Юная графиня пожала плечами и заметила, что ее супругу, возможно, никогда больше не придется участвовать в турнире, и уж точно не этой весной. Флорис закрыл лицо рукой — это было невежливо с его стороны, чего раньше она никогда за ним не замечала.
— Дело не в рыцарских поединках и кубках с вином, госпожа Герлин! Речь о том, что рыцарь должен быть способен защитить себя!
Герлин оставила слова Флориса, равно как и его грубое поведение, без ответа. Она никогда не была свидетельницей битвы или осады и считала, что Лауэнштайну ничего не угрожает. Для нее было гораздо важней, чтобы на этот раз Дитрих пережил холодную пору года без кашля и жара, и если этому способствовали занятия с господином Соломоном, то она была рада присутствию лекаря. Сама же она мало что могла понять из его лекций по арифметике и технике строительства. Герлин не была глупой, но уже не жаждала знаний так сильно, как ее супруг. Соломон пытался приобщать ее к занятиям, например, описывая ей чудеса современной архитектуры на примере моделей, которые они строили вместе с Дитрихом. Однако Герлин могла восхищаться собором и не задаваясь вопросами, как был сооружен его купол и почему свет преломляется так, а не иначе, проходя через стекла окон. Поэтому она просто сидела рядом, шила или укачивала ребенка и слушала красивый, звучный голос Соломона, не вникая в смысл его слов.
Разумеется, вскоре ей этого стало недостаточно. Она начала скучать по коротким беседам с Флорисом, которые раньше так ее развлекали, и она вспоминала игру трубадуров при дворе госпожи Алиеноры. Когда она очень скучала по развлечениям и танцам, по женскому обществу, то даже присоединялась к госпоже Лютгарт.
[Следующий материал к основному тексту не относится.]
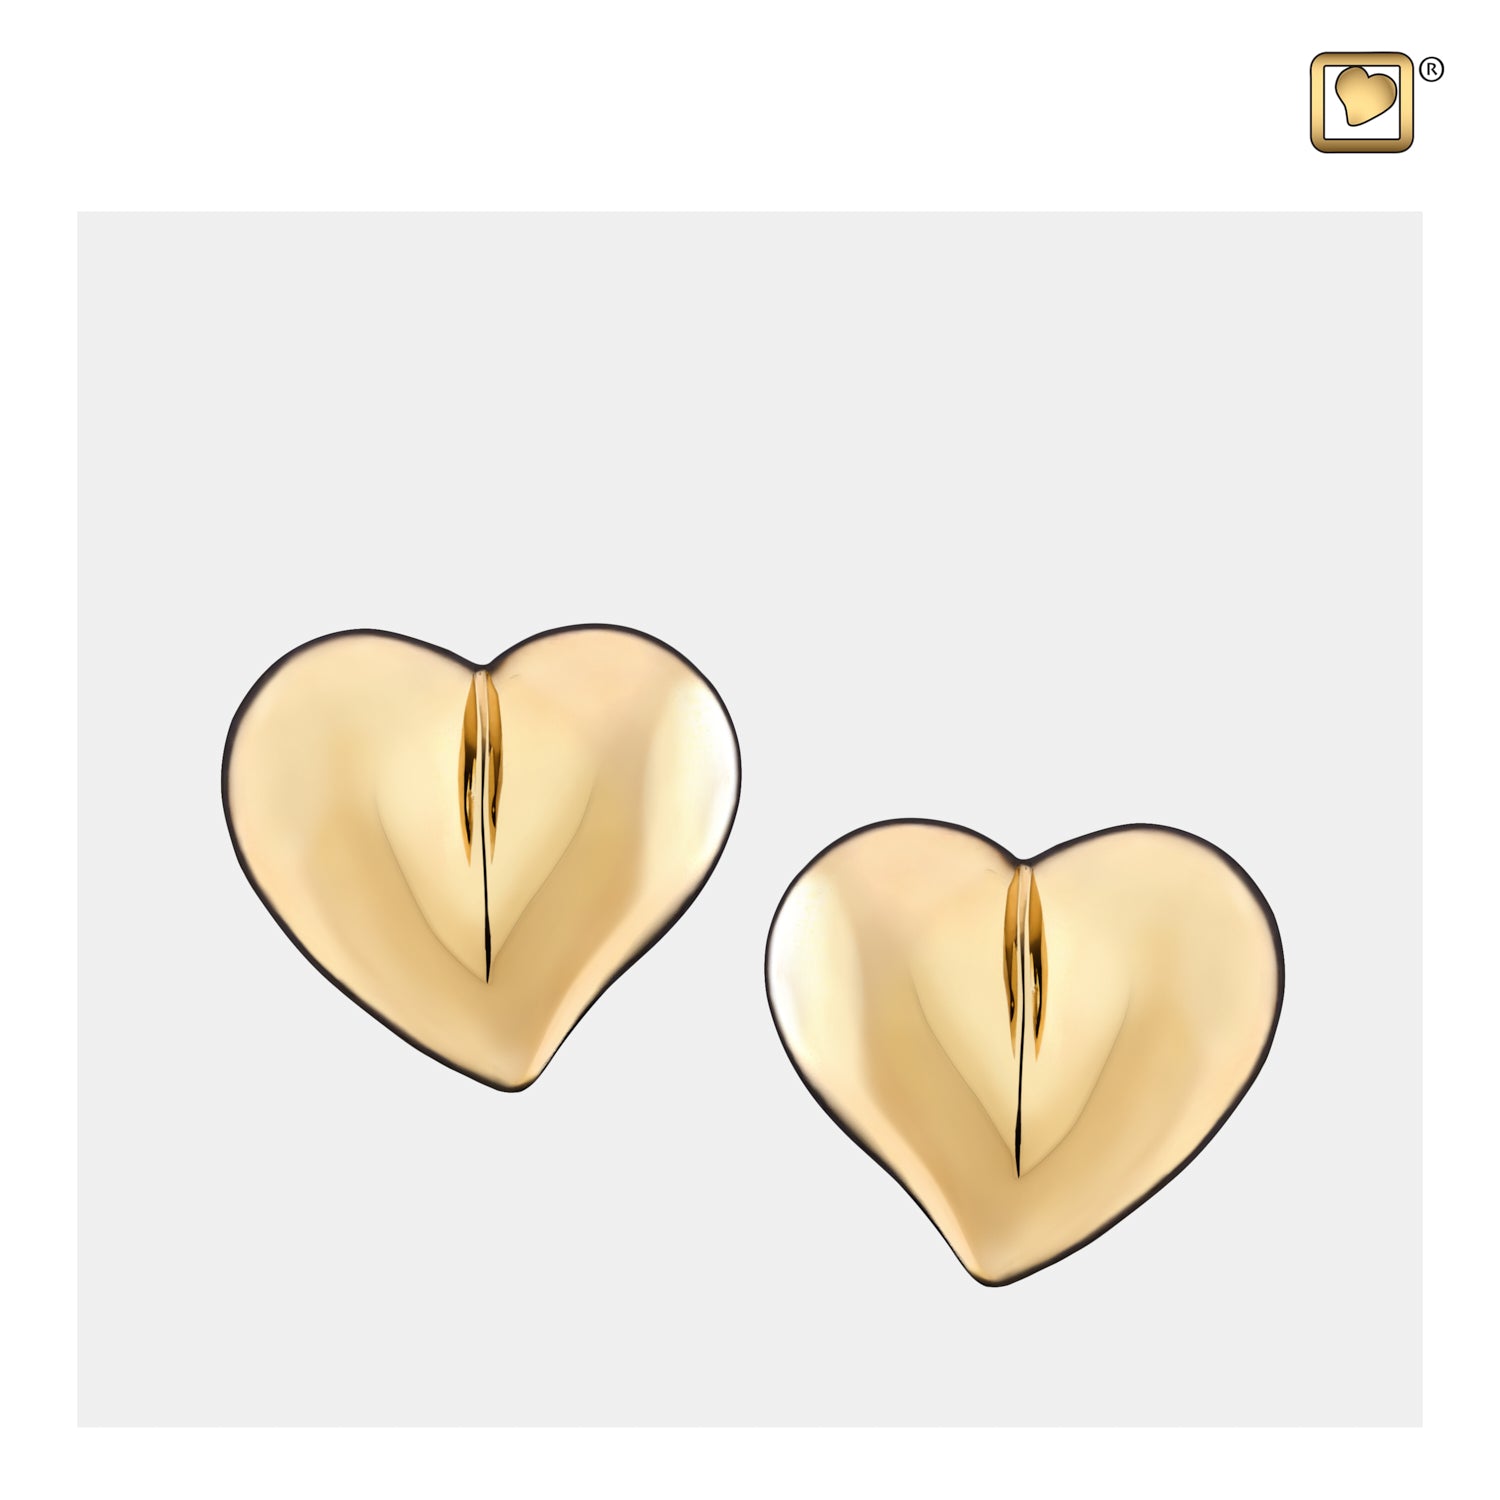 LoveHeart™ Gold Vermeil Sterling Silver Stud Earrings

Однако от вдовы Герлин не слышала ничего, кроме жалоб, и у нее появлялось неприятное чувство, когда она брала с собой в покои вдовы маленького Дитмара. Лютгарт всегда была приветливой по отношению к ребенку, но Герлин ей не доверяла. Она никогда не оставляла Дитмара одного с мачехой Дитриха, и если та предлагала ему леденец, Герлин сразу же забирала у него сладость. Пока это было несложно — мальчик был совсем маленьким. Герлин могла заявить, что ему не подходит твердая пища. Однако ей следовало придумать, как позже защитить Дитмара от его «сводной бабушки». Летом ей следует заняться Лютгарт. Никто не был заинтересован в том, чтобы она оставалась в крепости.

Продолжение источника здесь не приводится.